Guest-Blog-Healing-a-Negative-Body-Image-by-Mary-Anne-Cohen-LCSW

The actress Kate Upton once declared, “To me, what’s sexy is when you look like you’re having a good time.” 

Many girls and women try to look like they feel sexy. They dress provocatively and carry themselves seductively. One girl wore pants to her therapy session with the word “juicy” scrolled in rhinestones on her backside, and another girl came to her session in four-inch stilettos. 

But if you are happy in your body, you don’t need to turn it into a billboard advertising your wares. Authentic good body image comes from inner self-satisfaction. 

Because the pain of body image dissatisfaction is emotional, we can improve our body image through psychological change. Making peace with body image distress and enhancing our self-acceptance involves a three-prong approach: 

Awareness + Action = Acceptance 

AwarenessBecome aware of your unique triggers that make you feel bad about your appearance.

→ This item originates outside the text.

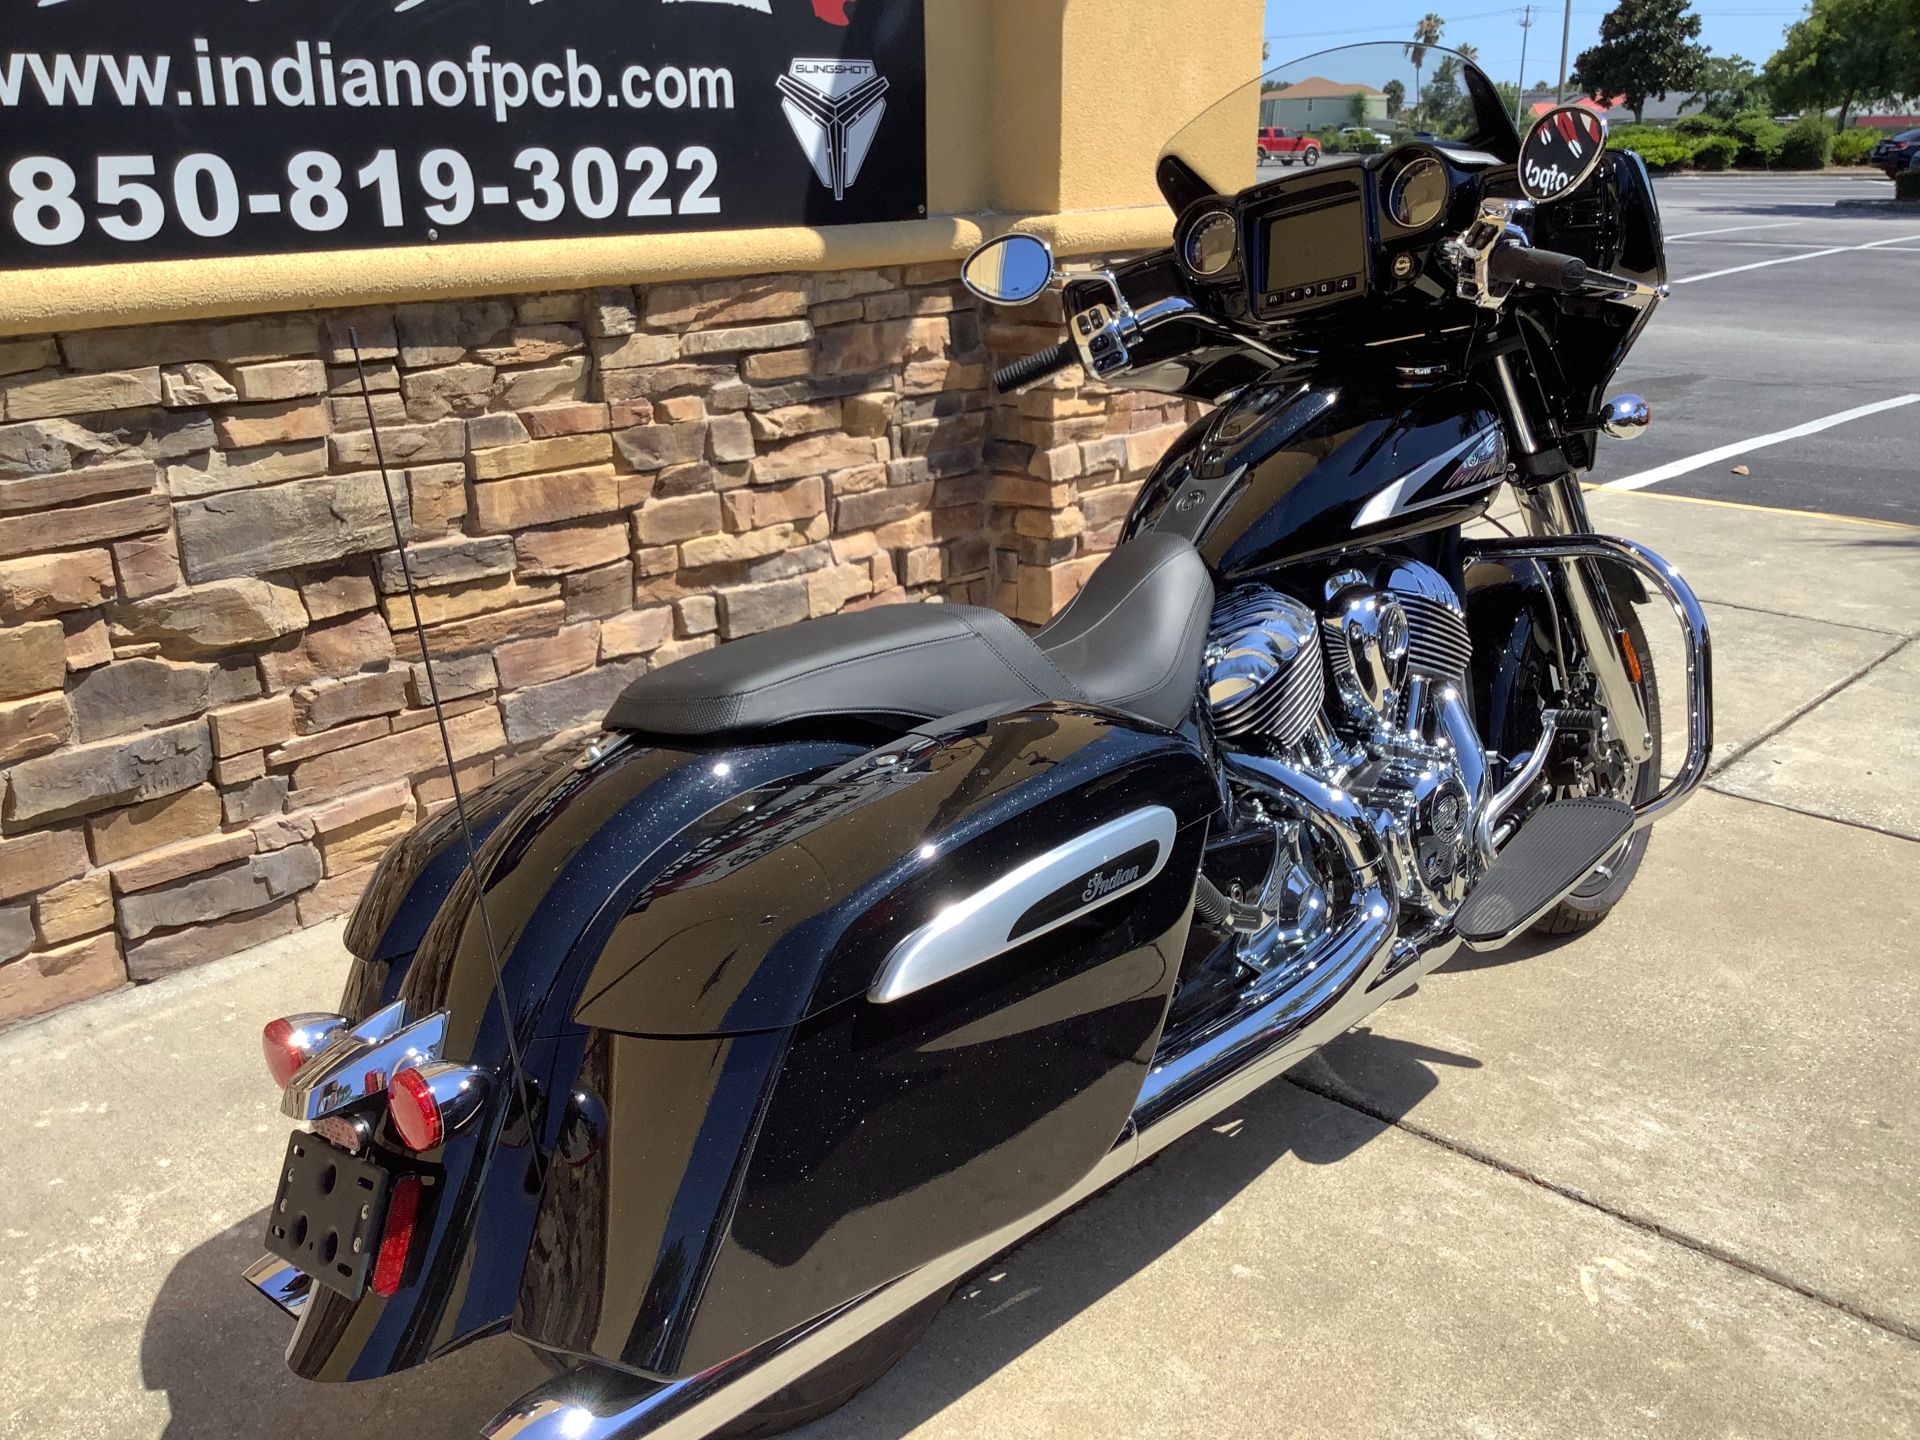 2021 Indian CHIEFTAIN LIMITED in Panama City Beach, Florida - Photo 6
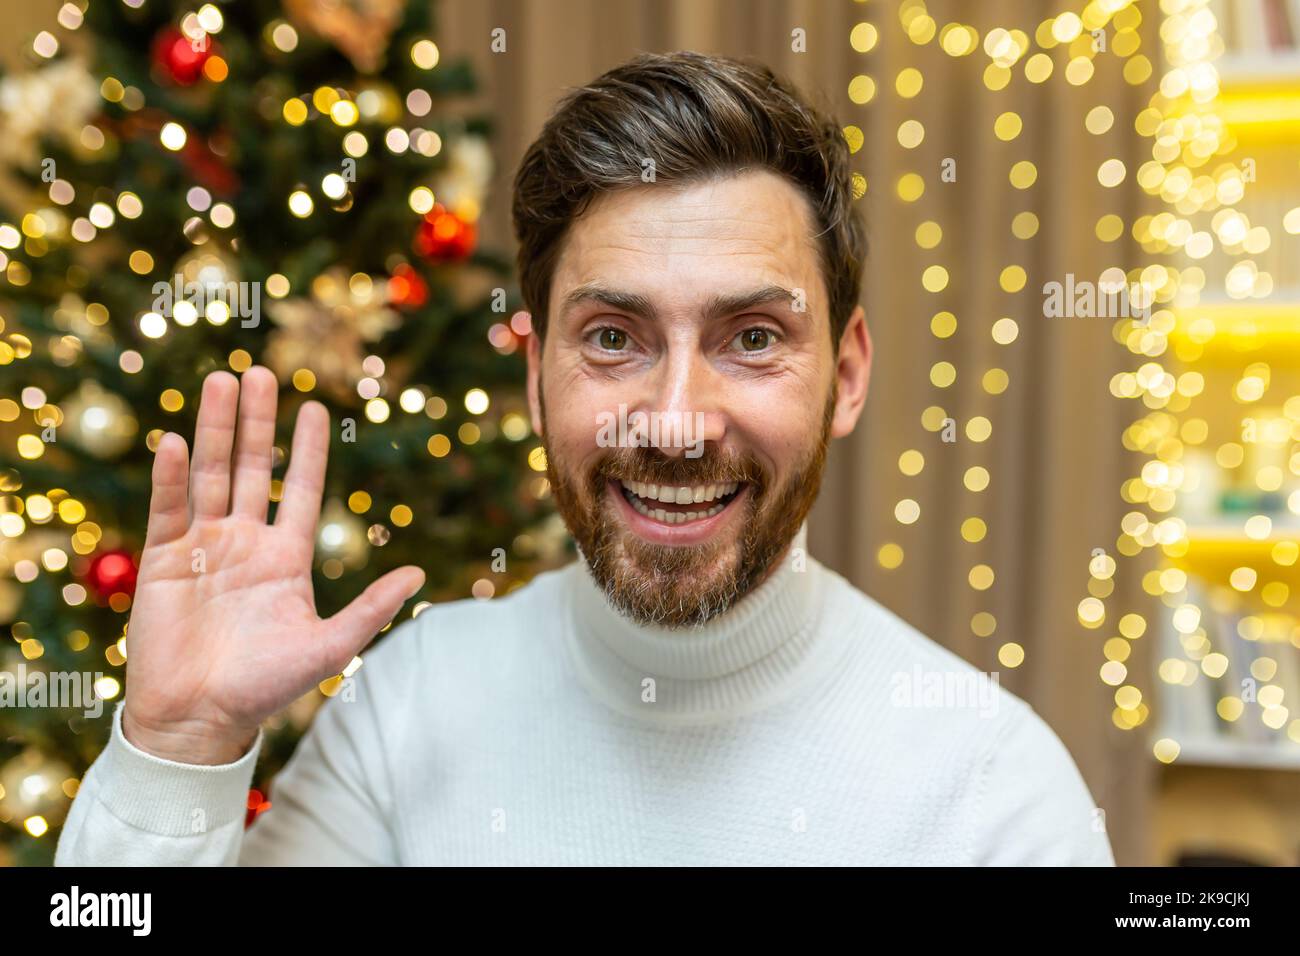 Online greetings video call, Christmas man looks into web camera and smiles and waves while sitting on sofa at home celebrating New Year holidays. Stock Photo

Are there certain people, places, or situations that especially cause you unhappiness about how you look? Is it going to the gym and comparing yourself to other people there? Going out on a date? Are you triggered by clothes shopping? Visiting certain relatives? Being intimate with a partner? 

As a young girl, Arlene’s father scolded her for being too fat. He instructed her to hold in her stomach at all times. Her obedience to his words persisted into her adult life. “I was literally waiting to exhale all my life,” she said. “What’s really sad is I wasn’t fully aware that holding in my stomach had become so automatic.” Expelling his message was a process over time. For Arlene, exhaling involved becoming aware of the hidden anger that had caused her to unwittingly stifle herself. As she reflected on her deep need to please her father even beyond the grave, sadness and tears came welling to the surface. His spell on her was broken. 

Action. Couple your awareness of these personal trigger points with a plan of action. When we stop, look, and listen to our self-defeating thoughts and behaviors, we can begin to intervene in the negative ways we feel about our appearance. 

What is your investment in holding onto a negative body image? How does it help you or keep you safe? What would be uncomfortable or dangerous about accepting your body just as it is? 

Acceptance. You do not have to be perfect to accept the body you have. They key is to call a truce with the adversarial relationship you have with your body and work on appreciating the wondrous ways it does show up for you every day. Consider that your individual idiosyncrasies make you imperfect, quirky, and unique and should not be tamed but, instead, embraced. Perhaps imperfection is the new perfection! 

Decoding one’s fear of fat and body hatred is the first step towards resolving negative body image. The more we can cultivate a deep responsiveness to our needs and the more we can cultivate a rich vocabulary to express our inner emotional selves, the less likely we will speak the language of fat and pain. As we open up the spirit of inquiry into our relationship with food, we continue our progress on the journey of declaring peace with emotional eating. 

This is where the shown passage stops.